[Exercise description]: The reply is a verbatim copy of the listing below with its images dropped.

[Given data]:
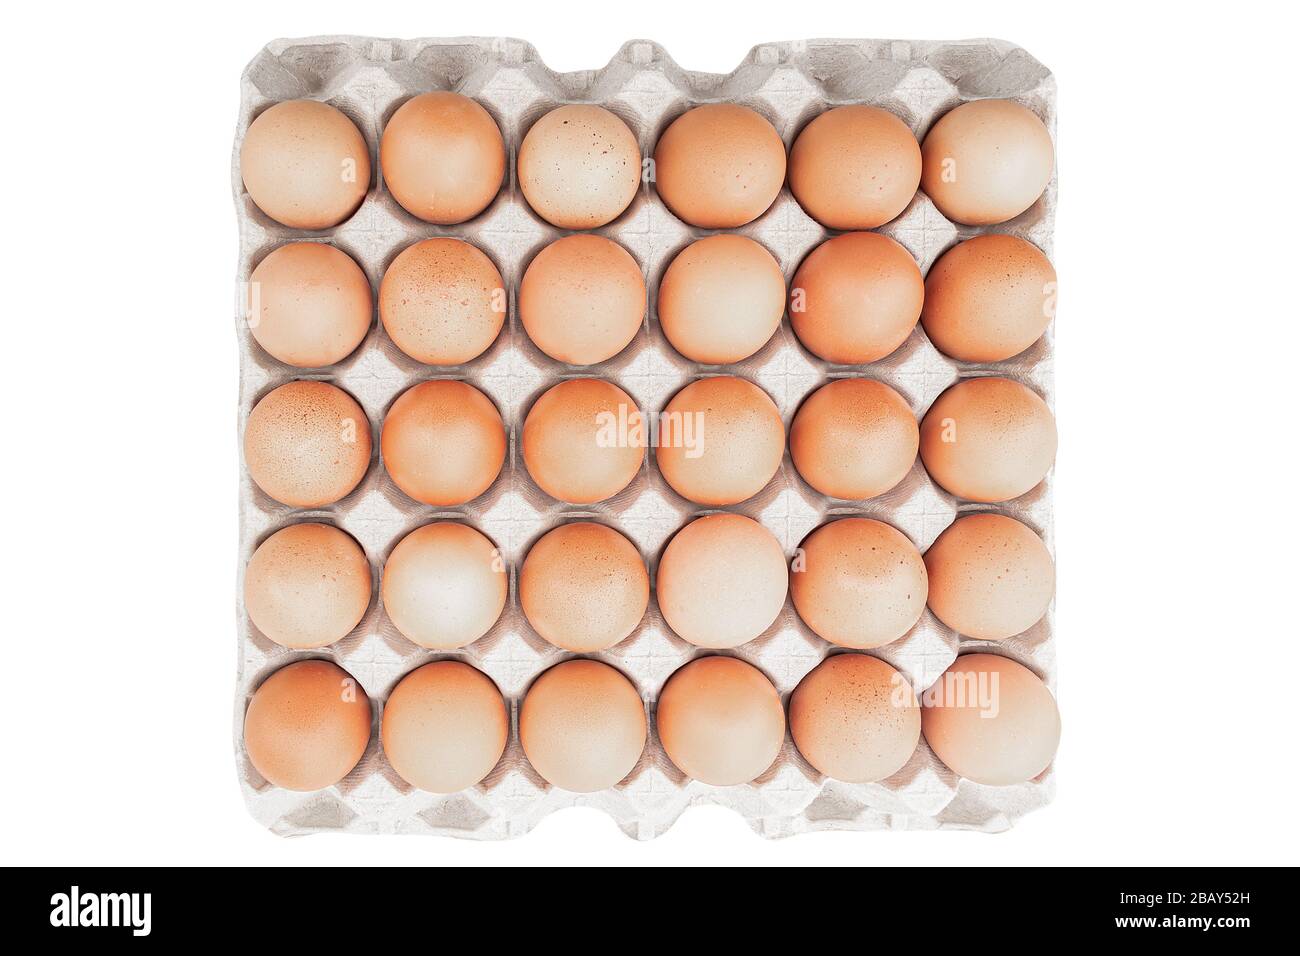 Eier aus biologischem Anbau in einem Eikasten isoliert auf weißem Grund. Hühner Eier aus ökologisch sauberen Gebieten. Draufsicht. Stockfoto
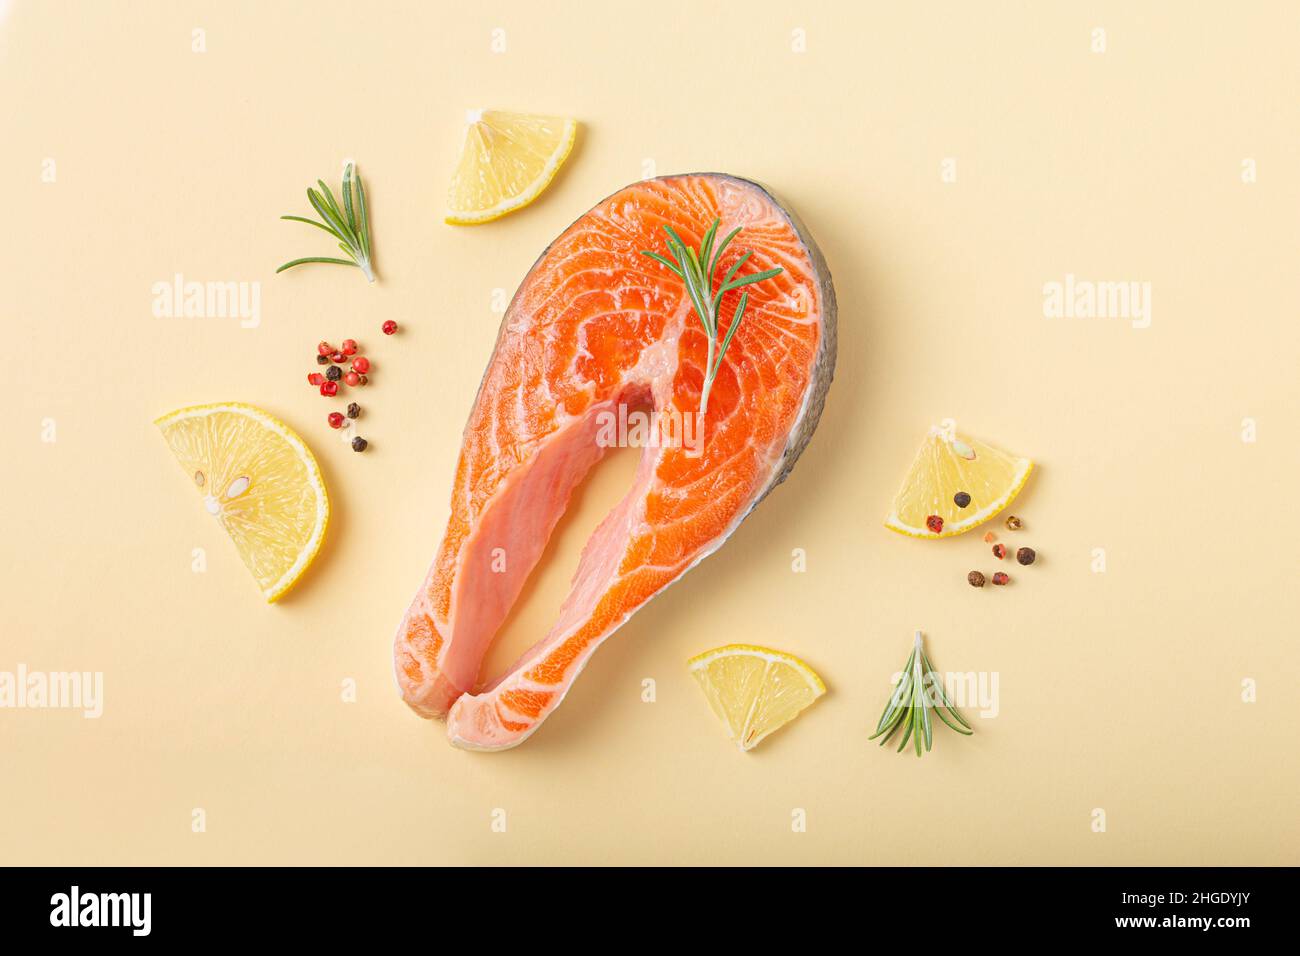 Steak de saumon frais cru vue de dessus sur fond beige pastel Banque D'Images
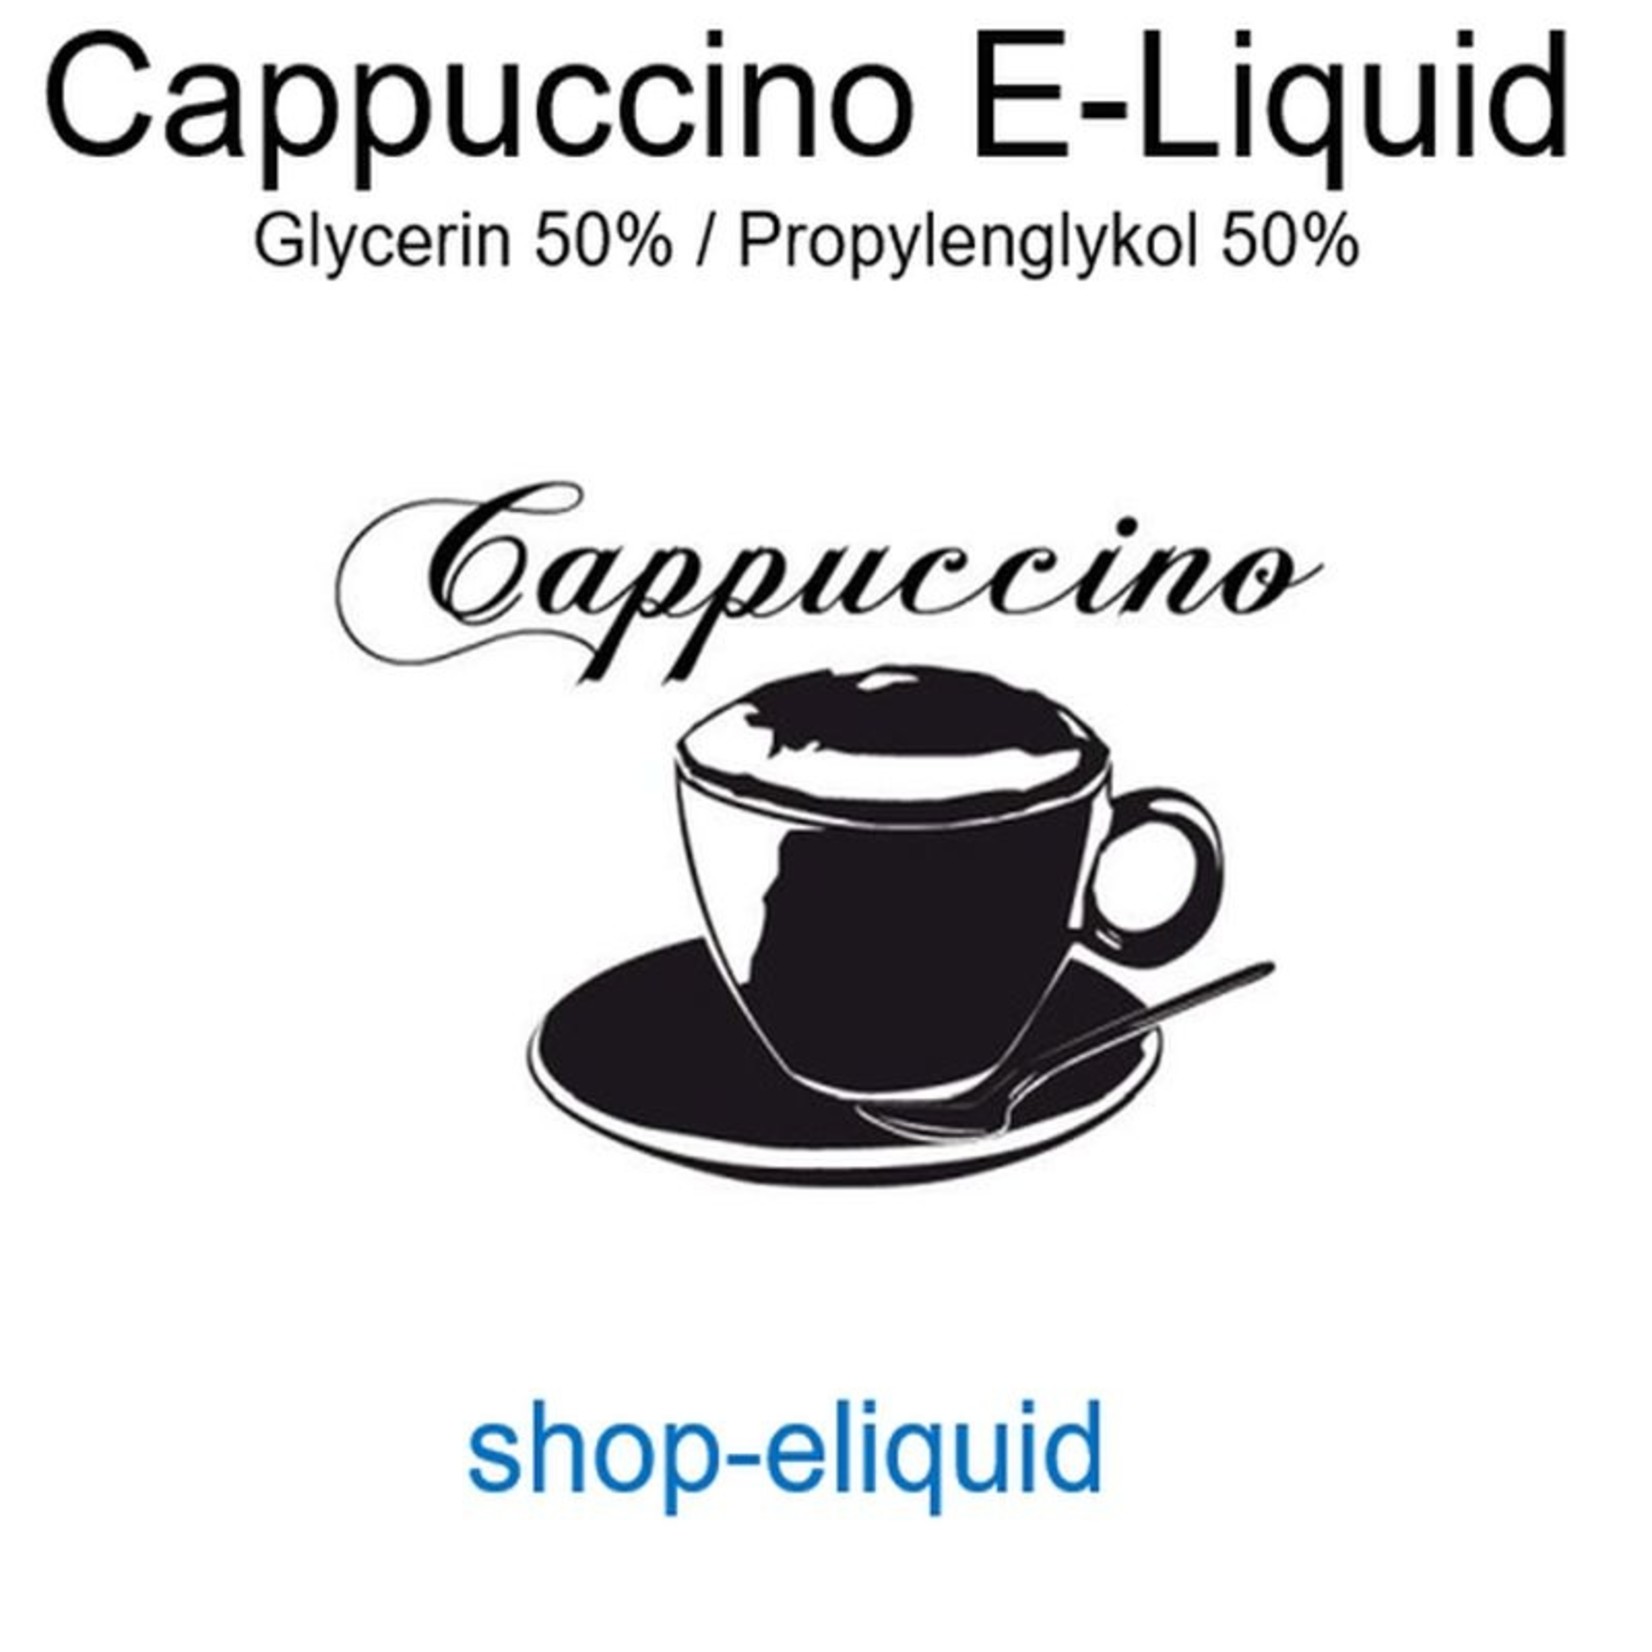 shop-eliquid Cappuccino E-Liquid
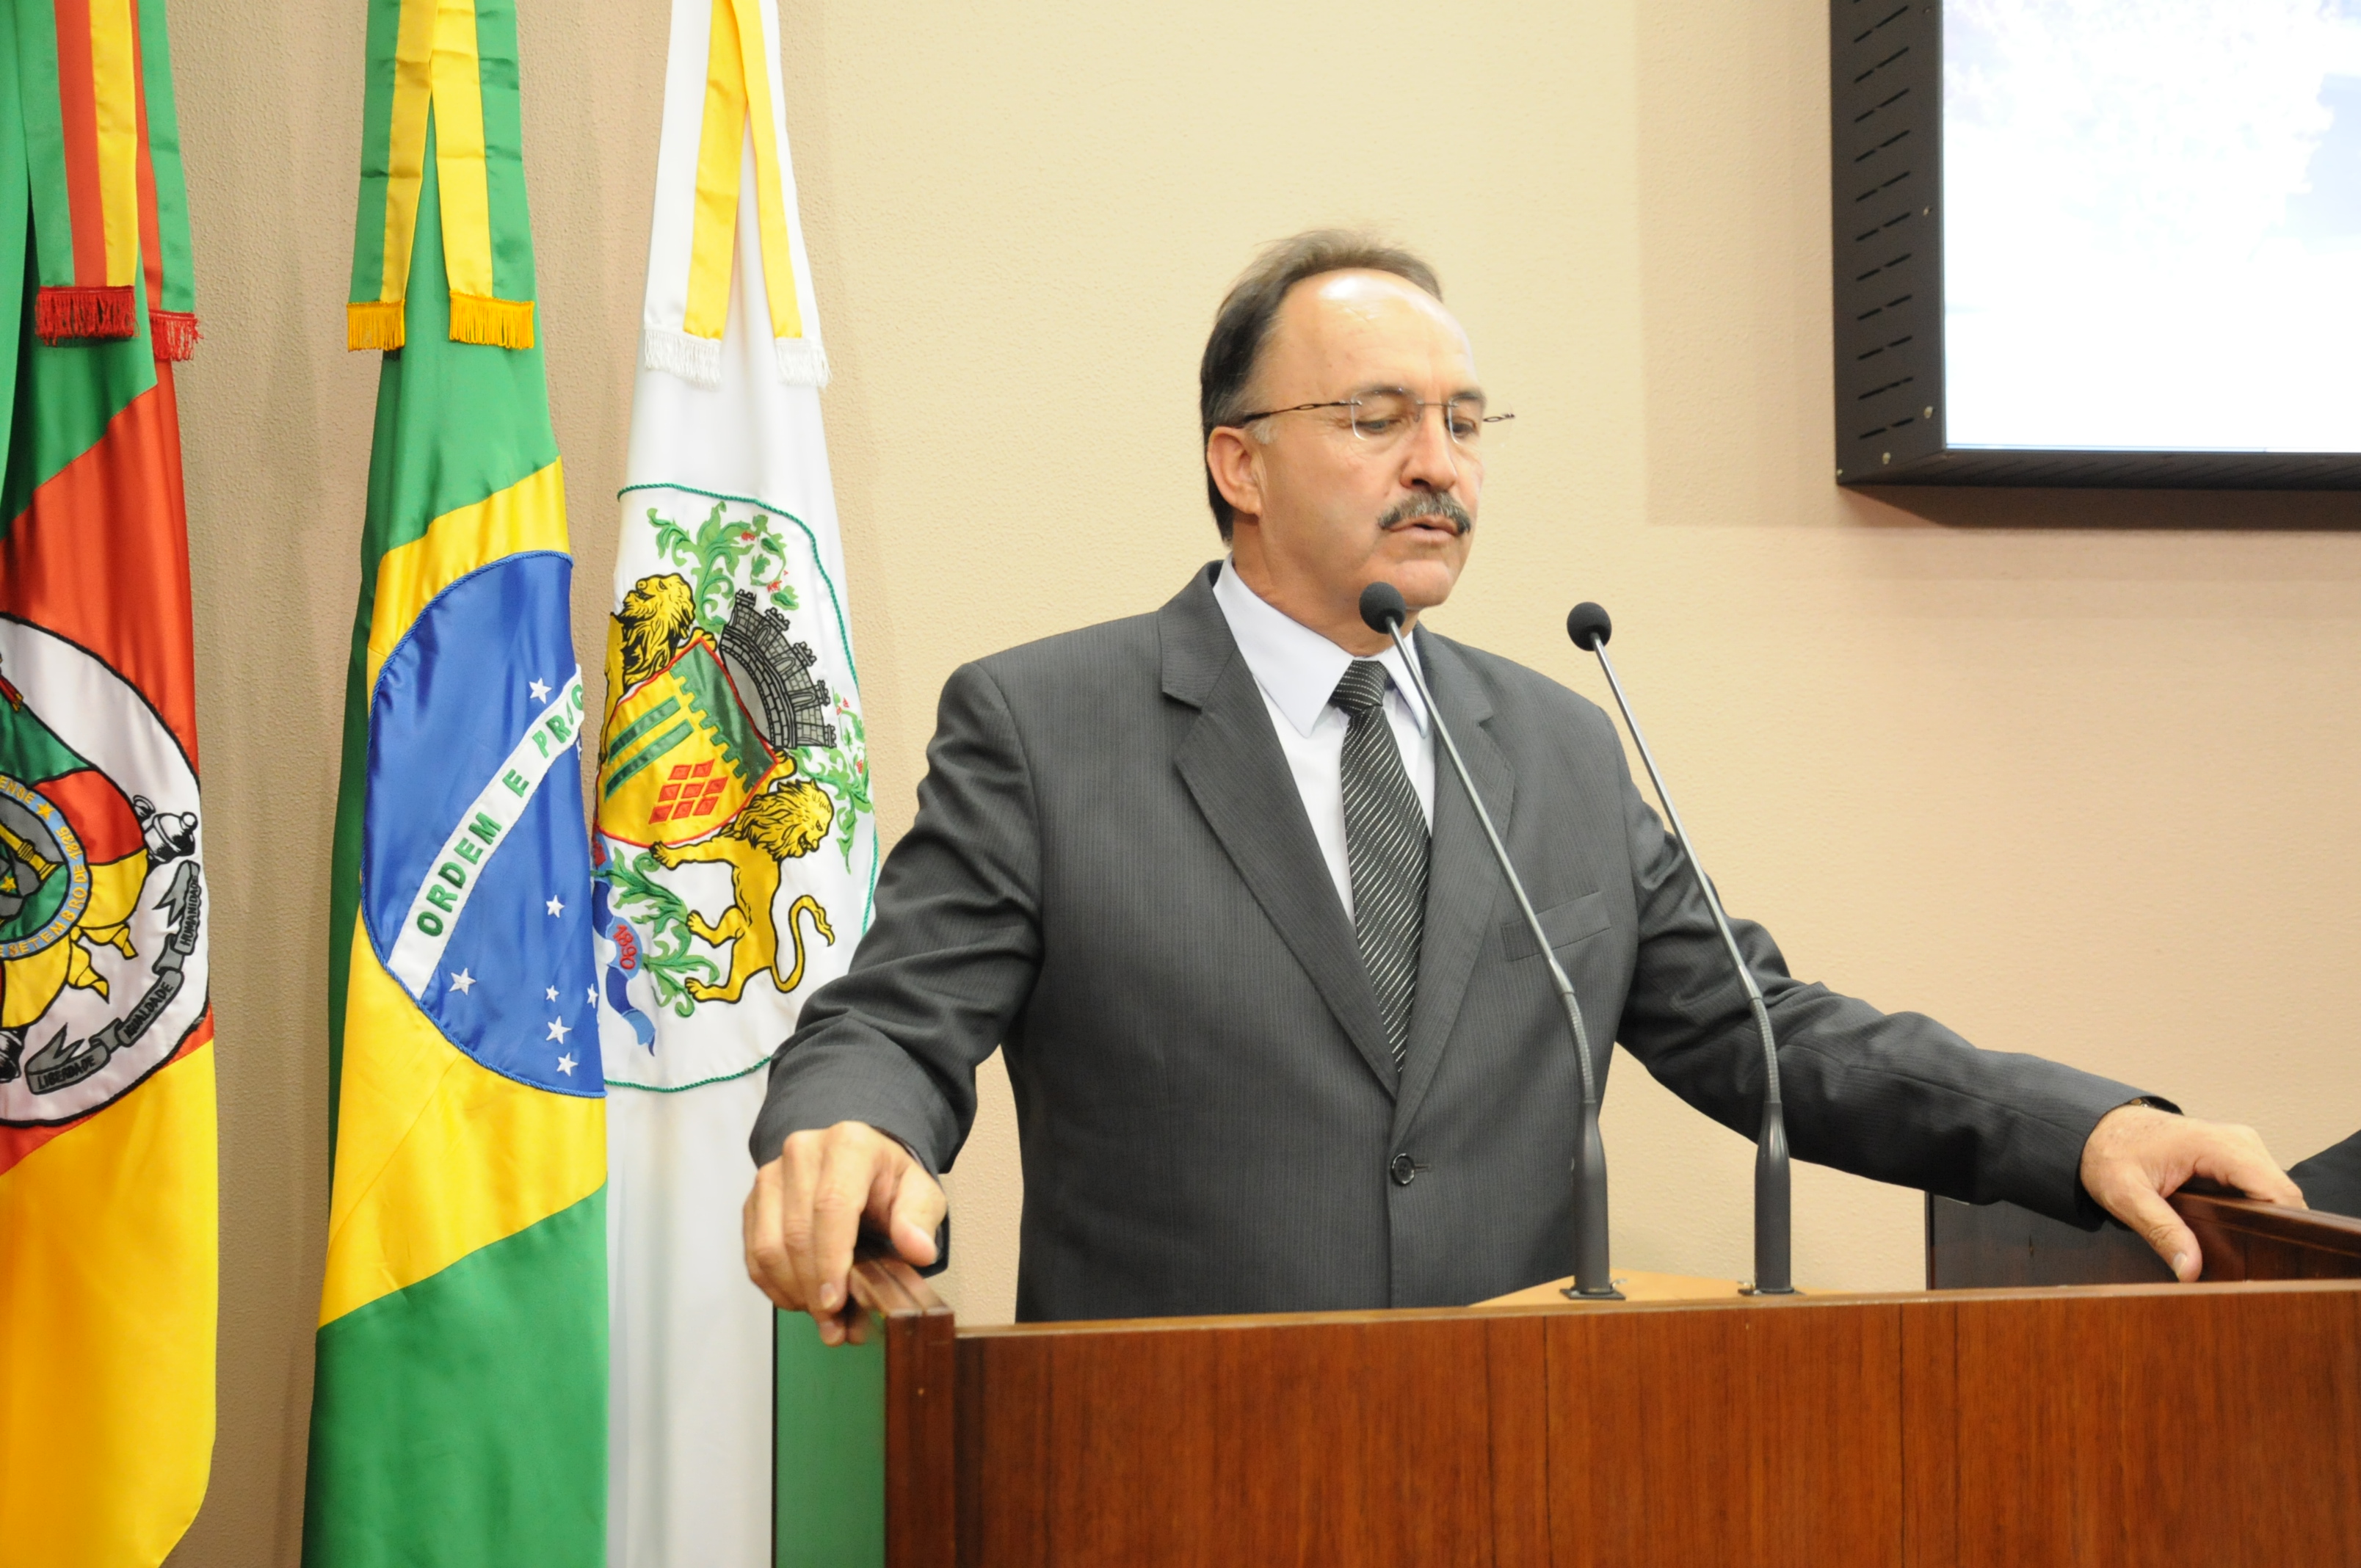 Vereador Mauro Pereira participará de formatura de soldados da região de Caxias do Sul

[Final answer]:
 Eier aus biologischem Anbau in einem Eikasten isoliert auf weißem Grund. Hühner Eier aus ökologisch sauberen Gebieten. Draufsicht. Stockfoto
 Steak de saumon frais cru vue de dessus sur fond beige pastel Banque D'Images
 shop-eliquid Cappuccino E-Liquid
 Vereador Mauro Pereira participará de formatura de soldados da região de Caxias do Sul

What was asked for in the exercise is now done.